Did someone manually mess up the files in /etc/letsencrypt/live/ and /archive/ by any chance?
1 Like
Please show the outputs of:
certbot certificates
ls -lt /etc/letsencrypt/archive/app.blockhealth.co/*
ls -lt /etc/letsencrypt/live/app.blockhealth.co/*
2 Likes
Thanks Guys!, We got it working by changing the permission for the folder but we did not change anything manually
2 Likes
You should NOT have to do anything to anything within the /etc/letsencrypt/ folders.
3 Likes
As noticed by Mike before, the file previous_cert.pem is not generated by Certbot.. So how did it get there?

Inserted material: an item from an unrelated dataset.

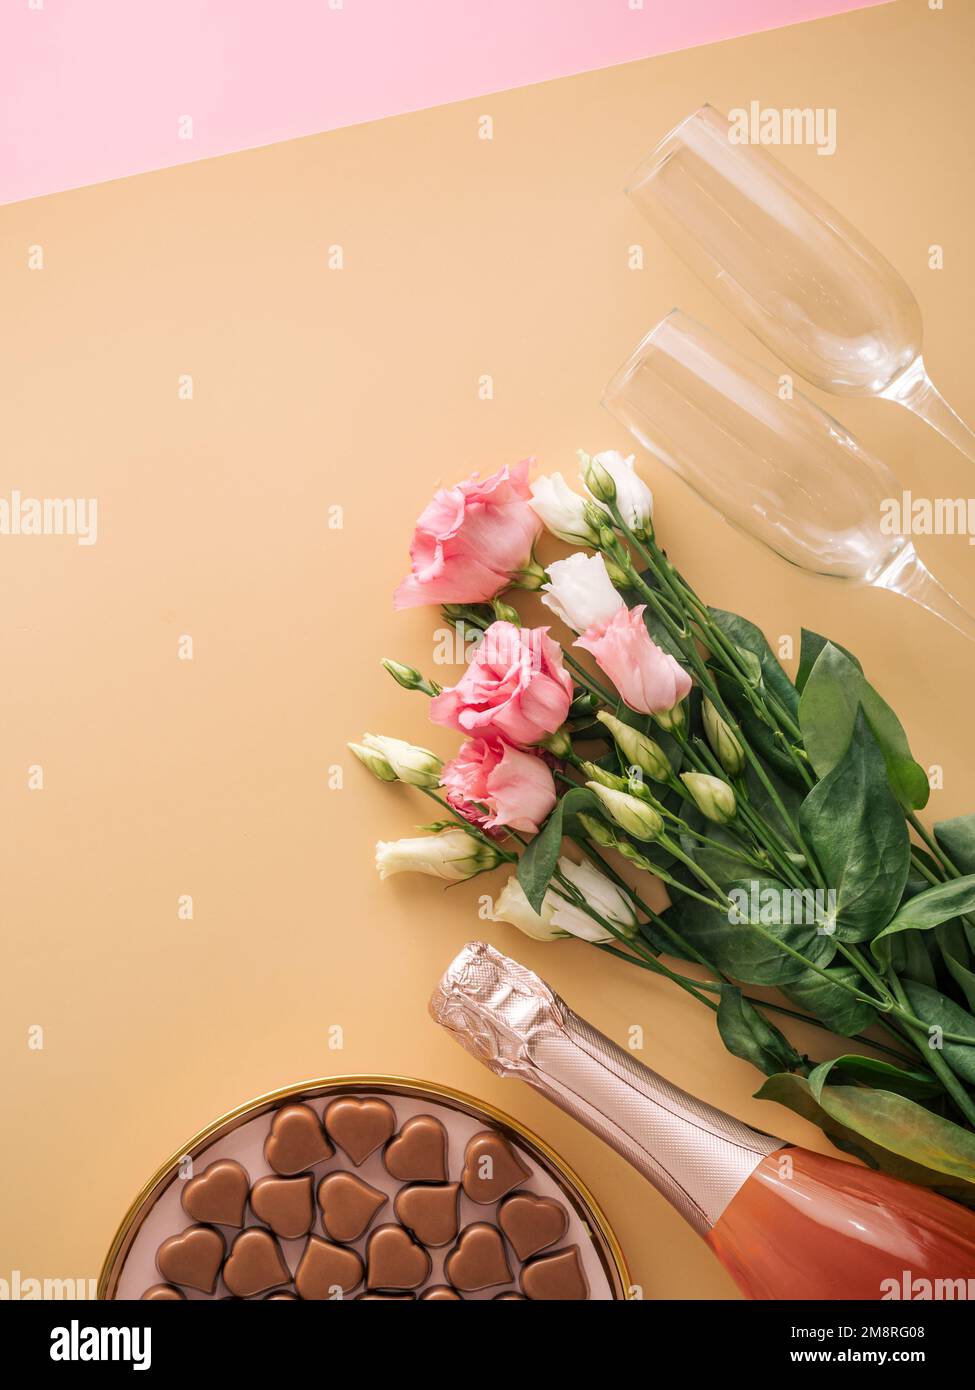 Concept de la Saint-Valentin sur fond jaune pastel. Bouteille de champagne rose, verres, bouqet de fleurs et confiseries romantiques au chocolat en forme de coeur.CopySpace.fond beige Champagne.Topview platlay Banque D'Images

Also the message "Found a new certificate /archive/ that was not linked to in /live/; fixing" suggests there is MORE than just a permission problem here.
2 Likes
We have changed the permission to default again after fixing our issue, but we still need to figure out a way to renew the certificate automatically.
certbot generally sets up automatic renewals via cron or systemd timers.
Let's try to get you back on track...
3 Likes
Hi @rg305 ,
So here's what happened today. Our original setup uses cert-manager and controller from kubernetes to generate the certificate. However, due to the downtime in the let's encrypt on Sept 27, our renewal process got stuck. The clusterissuer is unable to generate the certificate anymore. and now we have actually tried resolving the issue by manually installing the certbot and generate the certificate and during this process is where the above issue began. I guess you're point of the file not created by certbot makes sense since it was different application that was originally responsible to do this.
1 Like
This topic was automatically closed 30 days after the last reply. New replies are no longer allowed.